Write out the lines of the material below exactly, beginning at the line with "Together We Thrive 🙌" and stopping after the line with "The book is", and leave out the pictures.

■ AVAILABLE RECORDS:
###

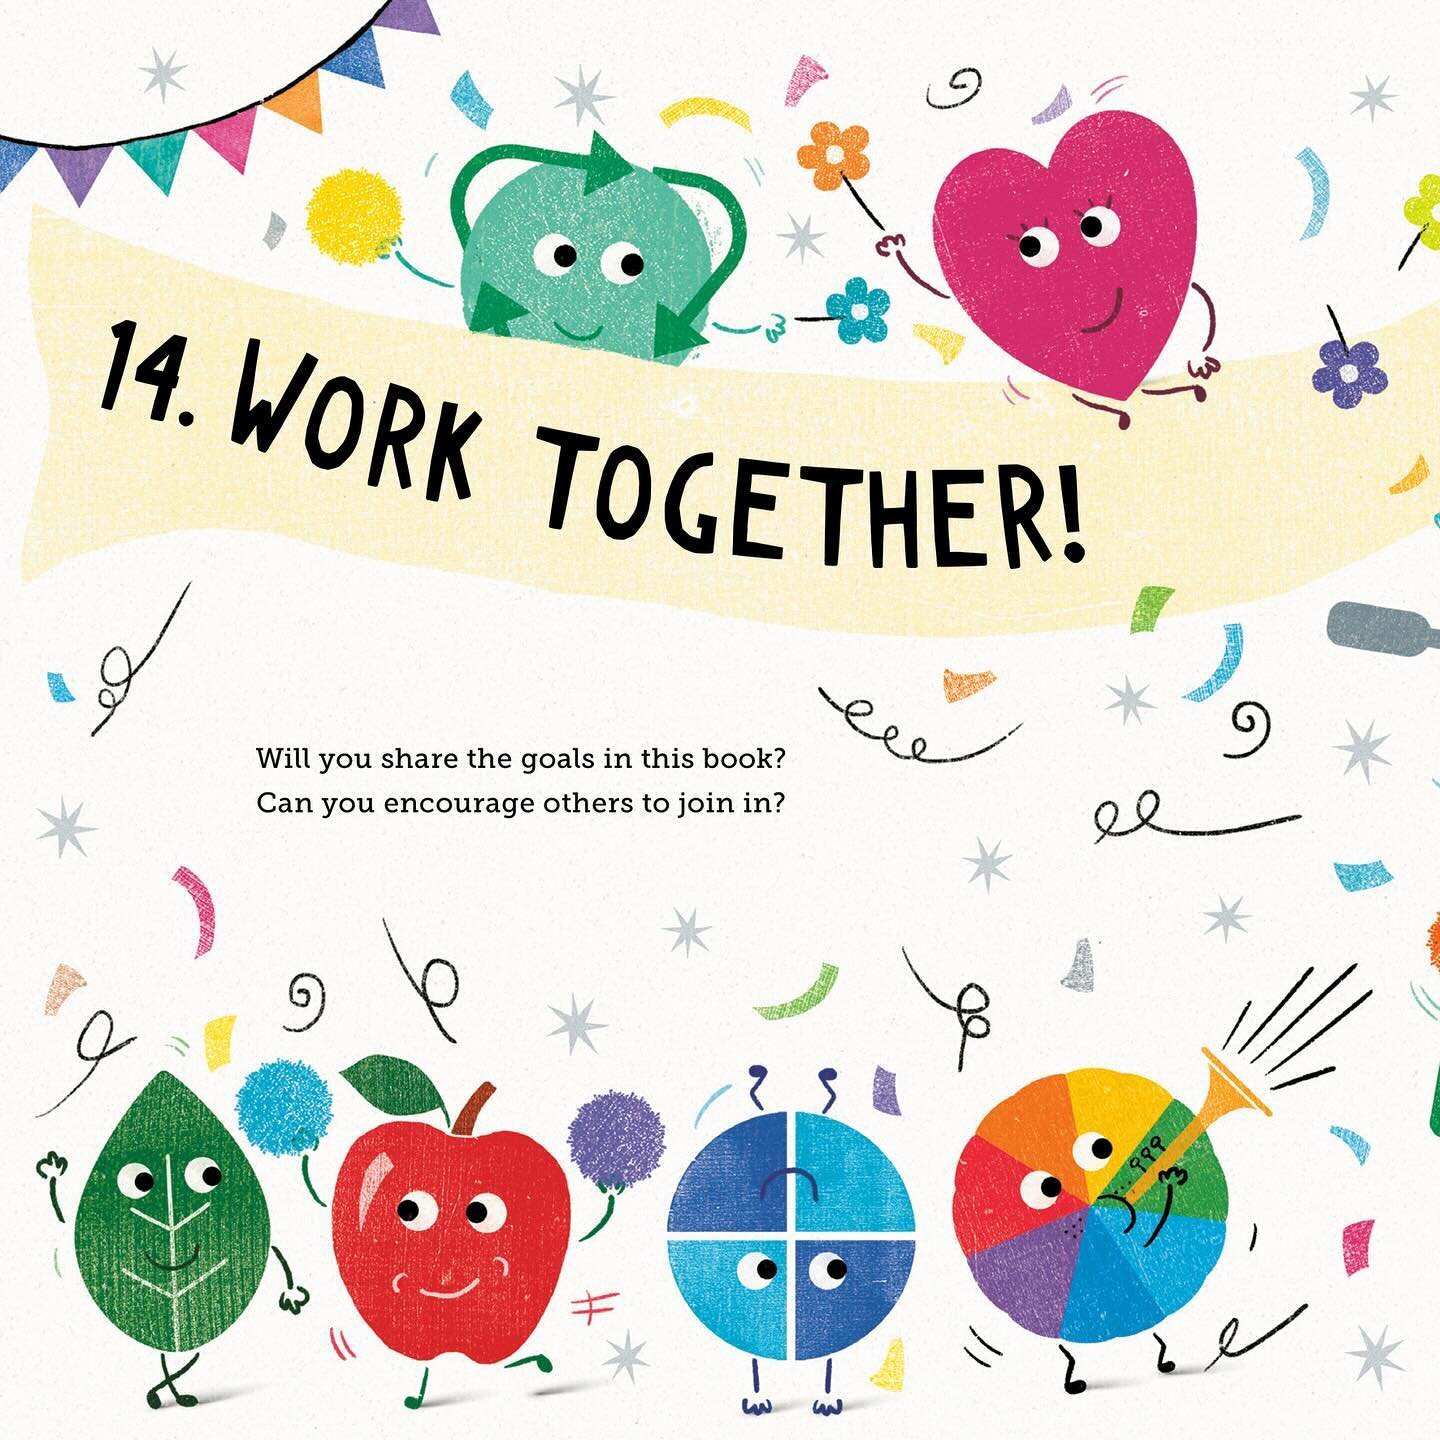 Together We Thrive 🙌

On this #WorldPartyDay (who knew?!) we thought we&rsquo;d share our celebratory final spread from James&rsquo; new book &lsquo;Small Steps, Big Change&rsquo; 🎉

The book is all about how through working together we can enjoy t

###

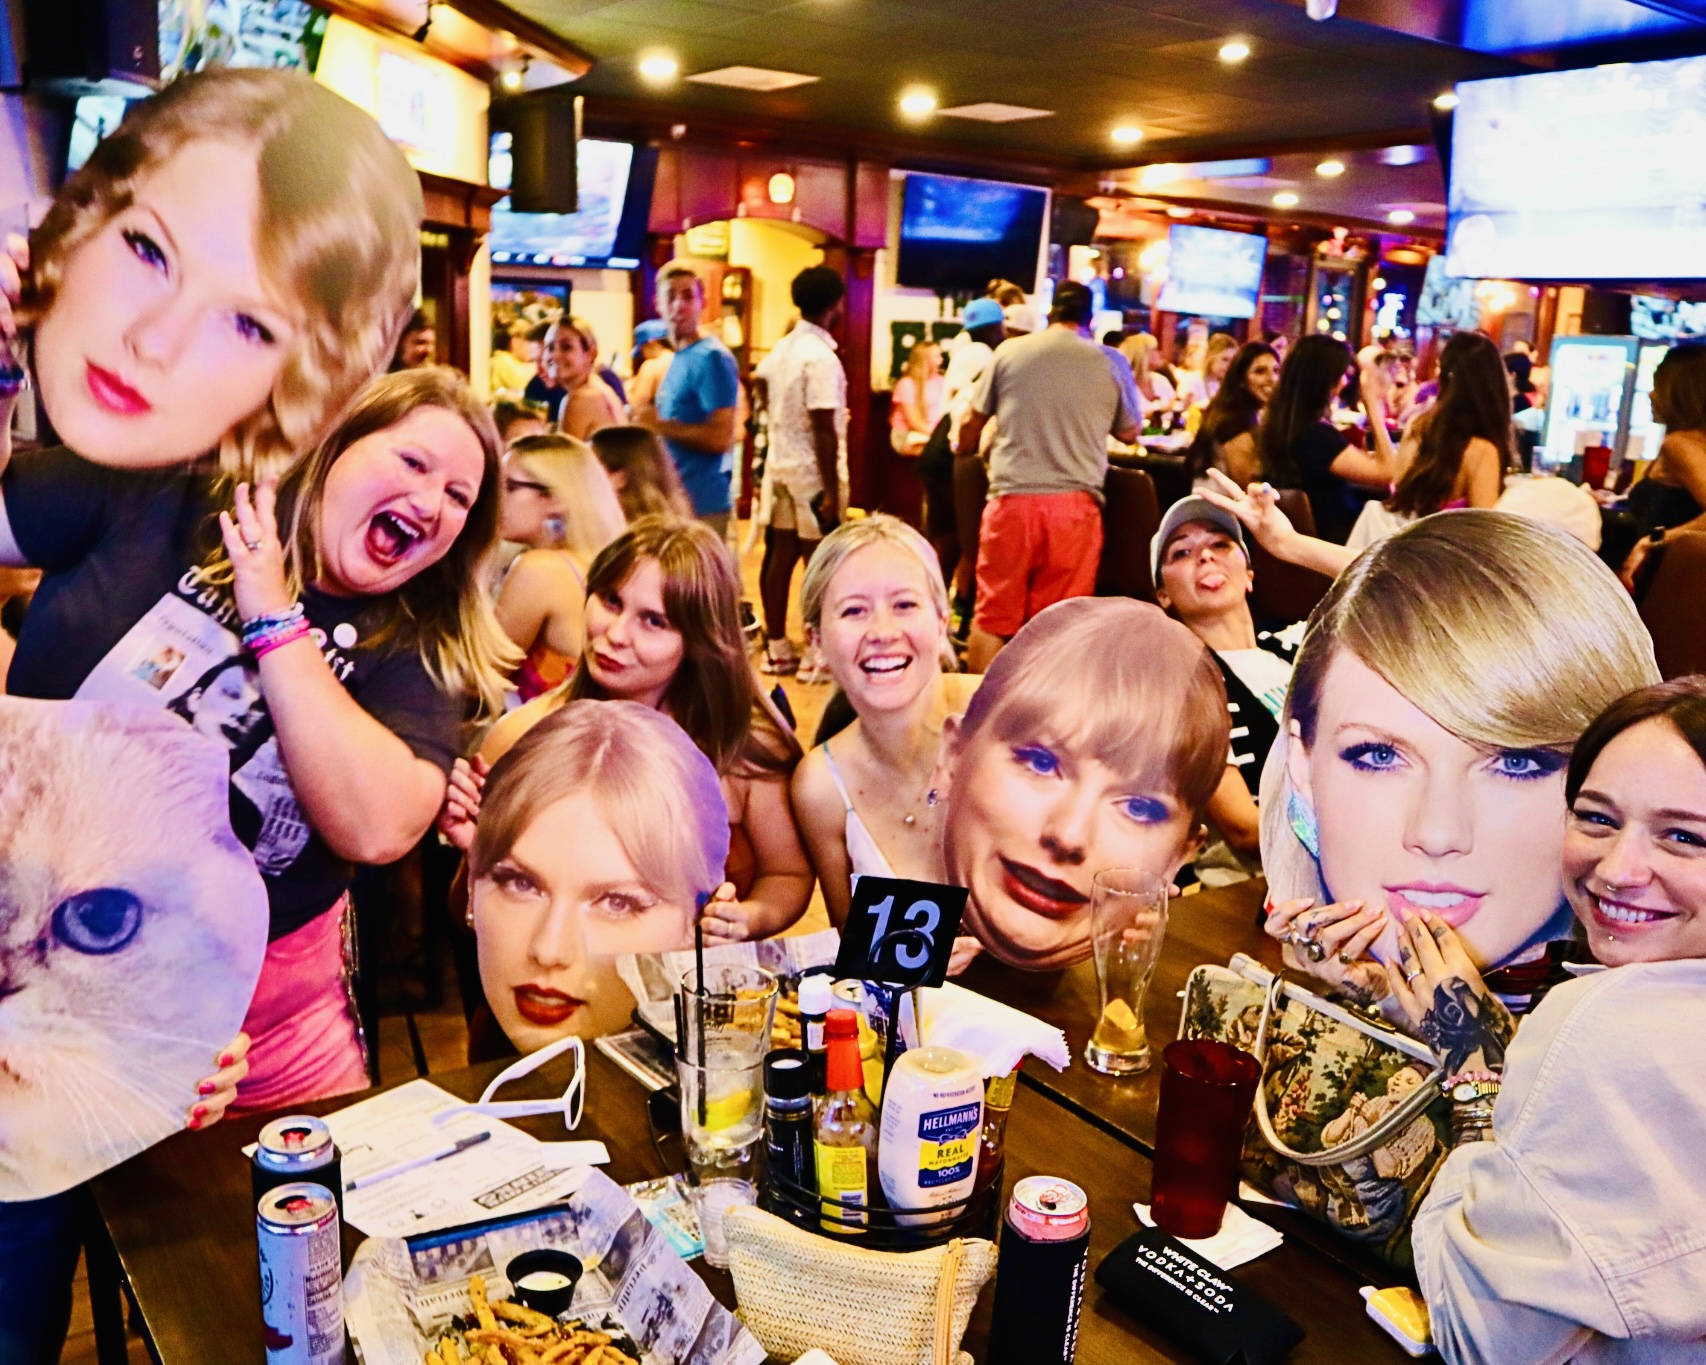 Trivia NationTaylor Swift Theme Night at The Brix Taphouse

###

■ TASK RESPONSE:
 Together We Thrive 🙌

On this #WorldPartyDay (who knew?!) we thought we&rsquo;d share our celebratory final spread from James&rsquo; new book &lsquo;Small Steps, Big Change&rsquo; 🎉

The book is all about how through working together we can enjoy t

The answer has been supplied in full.